Having been at it for years, Nagisikie says he has exhausted all dorper breeds from South Africa and is now looking forward to getting new breeds from Australia. “In the last few years, I have gotten more than four varieties of Dorper sheep available in South Africa and I now think I have exhausted all Dorper breeds in that country. I am now eyeing breeds from Australia,” he says.

Birth to twins

So attractive are his flock, almost 80 per cent give birth to twins while a few others have triplets, which the breeder says is because of their huge bodies.

He however says those that give birth to triplets are a challenge when it comes to feeding lambs as the mothers are not able to produce enough milk for all of them. In some cases, they are forced to get a foster mother to one of the lambs among the flock to save it from starving.

On a mission

Despite the growing demand for mutton in Kenya, Mzee says his breeds are not bred for the slaughter house. His farm is a Dorper -breeding farm and he wants to help Kenyan farmers improve their flock.

“Every year, we select more than a 100 rams that are 7 months old that we sell to other farmers at a cost of Sh45,000 for the sole purpose of helping them improve their breeds,” says Mzee Nagisikie.

The dorper sheep is a cross-breed between the black headed Persian sheep (an African breed) and the Dorset horn (a British breed) that was developed in South Africa between 1945 and 1950. It is a very successful and adaptable breed that has been exported to many countries including Australia. It was introduced into Kenya about 50 years ago. There are two types: the dorper with a black head, neck and legs, and the ‘white dorper’ with a white head.

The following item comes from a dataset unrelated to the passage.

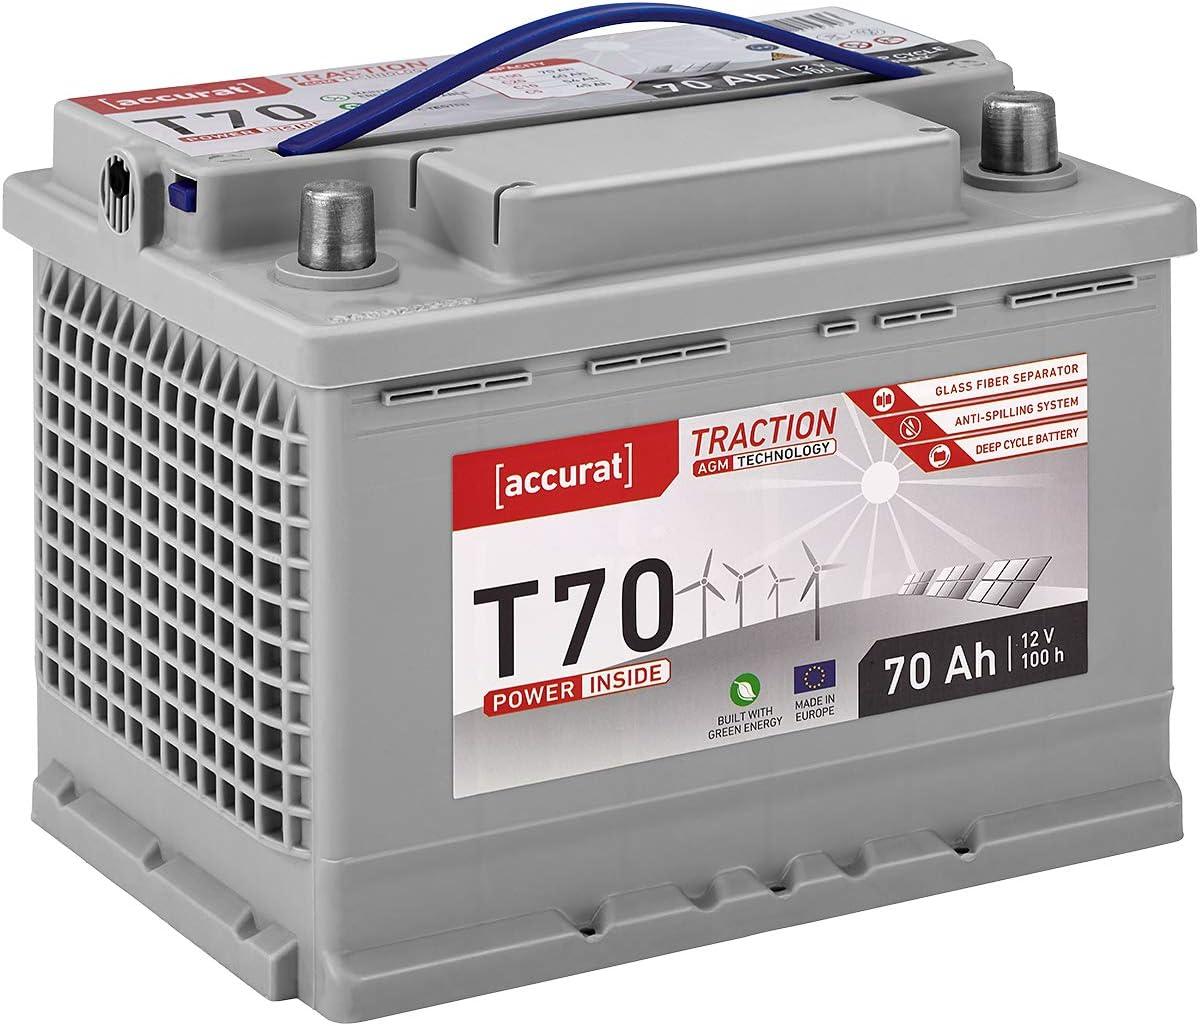 Accurat 12v 70ah Agm Batterie Vrla Zyklenfeste Versorgungsbatterie In 6 Varianten Auto

According to Mzee, the sheep performs well in semiarid areas. They have a high lambing percentage and can breed every eight months. They lamb easily and are excellent mothers. They are also disease resistant and not susceptible to fly strike. Lambs gain weight quickly, mature early and may be mated at around 9 months.

Good qualities

“Dorper sheep is also known to respond very well to good care and management.  To improve profitability of any sheep breed you need to improve husbandry: good feeding, housing, disease and parasite control and vaccinations,” says Mzee.

To avoid inbreeding, it is crucial that farmers practice ram rotation. This can be achieved by exchanging rams or buying from other farmers after every one to one-and-a-half years.

The length of the period depends on the time it takes for the sheep to attain the recommended breeding weight. In the recent past, dorper sheep has become an animal of choice for small-scale farmers, ranchers, breeders and abattoir operators.